Editor’s Note: Portions of this review were taken from our earlier review of the Samsung N310, which has been updated for the U.S. as the Samsung Go.
For the past several months, Samsung has been one of the leaders when it comes to netbooks, creating solidly built systems that boast excellent endurance. With its new Go (a rebranded N310 with an extended battery), the company is trying to establish itself as the leader when it comes to style, too; it’s one of the most unique and chic 10-inch netbooks on the market, and its island keyboard is a pleasure to type on. Though the Go outshines much of the competition with nearly 8.5 hours of battery life, at $449 (through online retailers) users will have to be willing to pay a premium for a netbook that performs no better than the rest.
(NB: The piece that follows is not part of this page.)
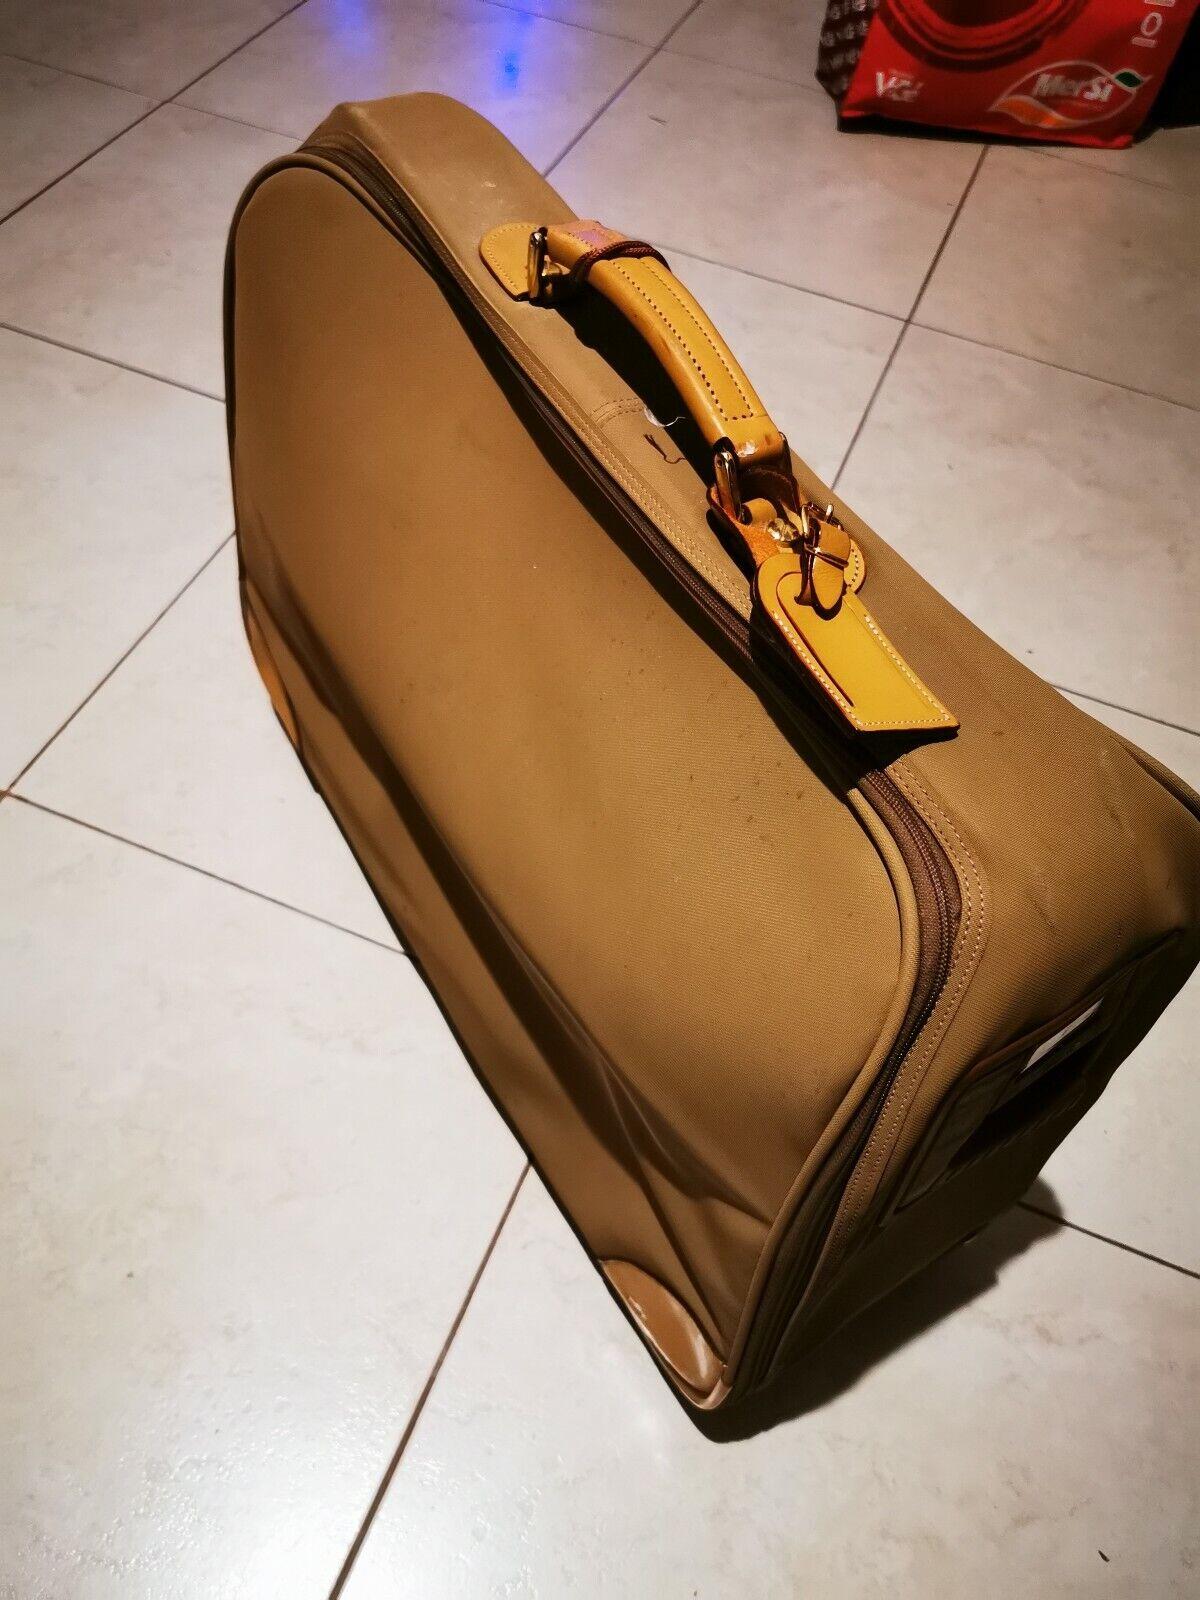 Valigia Brics fondo di magazzino nuova 67 X 48 vintage

The Go’s fashion forward design is a departure from the more professional looking N110 and NC10. Designed by Japanese artist Naoto Fukasawa, the rounded and smooth edges of the Go are modeled after a pebble. The bright orange lid (also available in black, navy blue, and light blue) is covered in a slightly grainy, rubberized surface that is more durable than the typical hard plastic shell. These touches definitely make the Go stand out from its closest competitors. In case its stylings are too subtle, Samsung’s logo is prominently featured in raised lettering that extends across the cover; it’s a bit too in-your-face for our liking.
Measuring 10.3 x 7.3 inches, the Go has a slightly smaller footprint than the Asus Eee PC 1005HA (11.2 x 7.8 inches). Tapering from 1.5 to 1.1 inches (owing to its battery), the Go is similar in thickness to the Toshiba mini NB205. However, the Go’s 6-cell battery juts out only slightly from the bottom of the system, as opposed to that on Toshiba’s netbook, which extends more obtrusively out the back. Weighing 3 pounds by itself, the Go (in its included felt case) and its A/C adapter came in at 3.8 pounds, and didn’t put much strain on our shoulder as we walked around New York City.
The Go houses the same netbook ports as the N110. On the right edge are two USB ports and a VGA port, and the left side houses one more USB port, mic and headphone jacks, and an Ethernet jack protected by a small plastic cap. The front of the system holds a 3-in-1 card reader; you won’t find any ports or slots on the back.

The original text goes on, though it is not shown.